Детские слезы терзали Дженни, просто убивали к чертовой матери, самое доводили до слез. Ей казалось, что она задыхается от соли и желчи; она не была готова к тому, что Грасиела бросится к ней на колени и обовьет руками шею. Несколько секунд они раскачивались и едва не свалились с крыльца.

— Если ты должна уезжать, то и я уеду с тобой.

— Нет, милая девочка, ты не можешь уехать. — Господи Иисусе, это все равно что нож в сердце. Право слово, лучше бы Чуло полоснул ее еще раз ножом в живот, чем сидеть вот так и чувствовать, как слабые детские ручонки обнимают шею и детские слезы увлажняют щеку. — Это твои люди, твоя семья. Они тебя любят, и ты любишь их. Тебе здесь будет хорошо.
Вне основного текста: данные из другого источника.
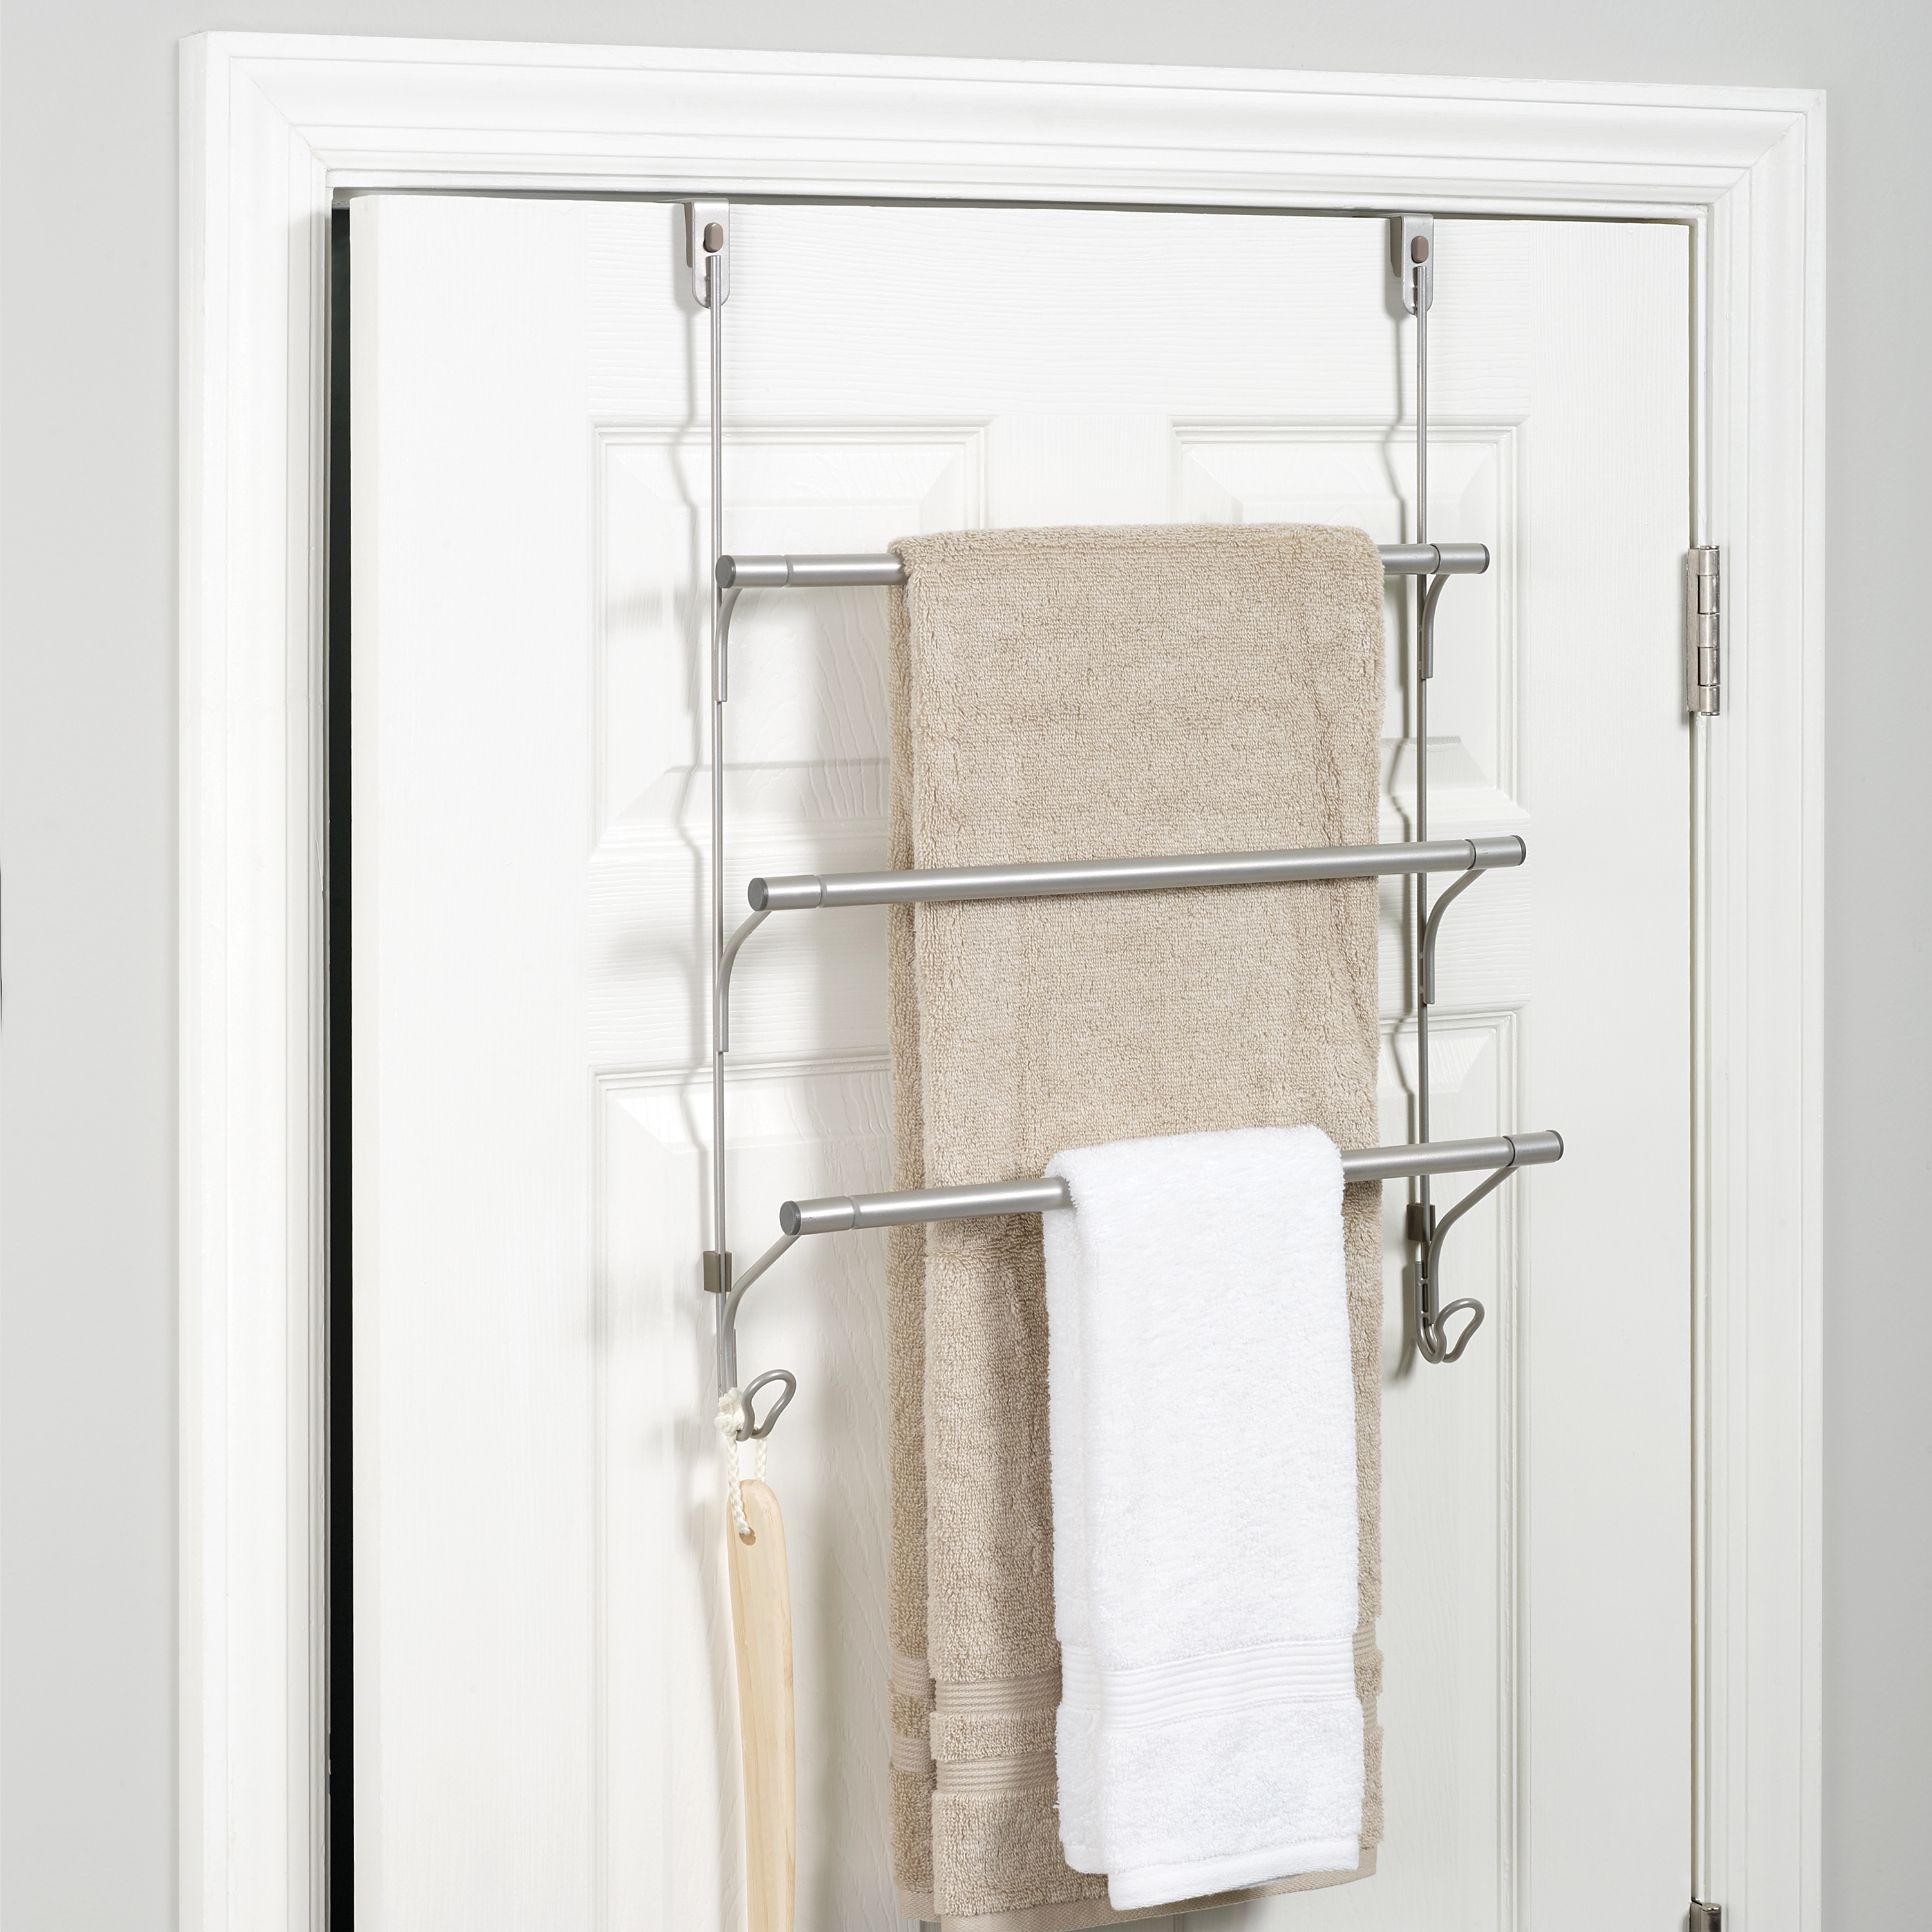 Mainstays SnugFit Over-the-Door 3-Tier Towel Bar with 2 Hooks, Satin Nickel - image 1 of 8
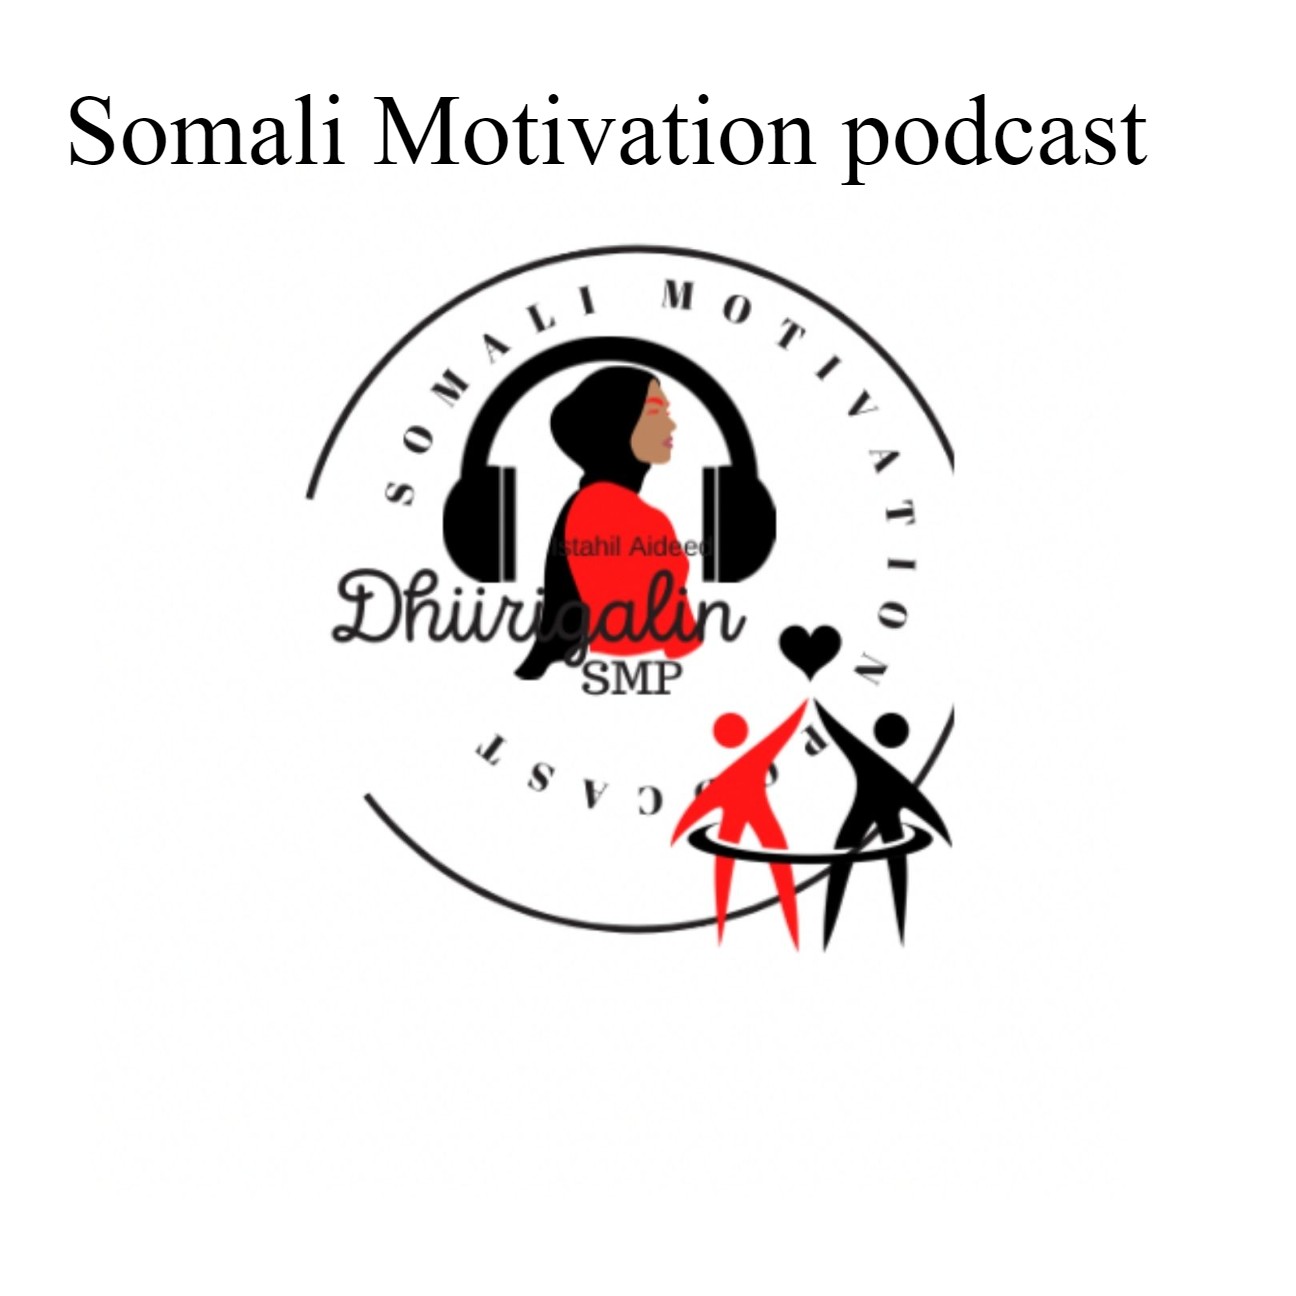 Somali Motivation podcast

— Я твой человек! Я люблю тебя, и ты тоже меня любишь, хоть и не говоришь, я это знаю, Дженни! Ты должна взять меня с собой. Кто даст тебе чистый носовой платок? Кто тебя зашьет? — Руки Грасиелы сжались крепче. — Кто научит меня новым словам и новым вещам? Если ты уедешь, кто научит меня быть такой, как ты?

— О Господи, Грасиела! — Дженни обнимала девочку так крепко, что боялась причинить ей боль, но тут Грасиела отпрянула, чтобы посмотреть на Дженни, и та ослабила объятия.

— Дженни! Ты плачешь? О!

Они снова обнялись и плакали вместе — плакали долго, пока не иссякли слезы, а после этого они просто сидели, предаваясь общей печали. Дженни устроила Грасиелу поудобнее у себя на коленях и прижалась плечом к волосам девочки. Никогда она не забудет запах этих волос и вес теплого маленького тела. Как ей жить без этого ребенка? Потеря Тая отняла у Дженни половину сердца; она оставит здесь другую половину, когда уедет завтра.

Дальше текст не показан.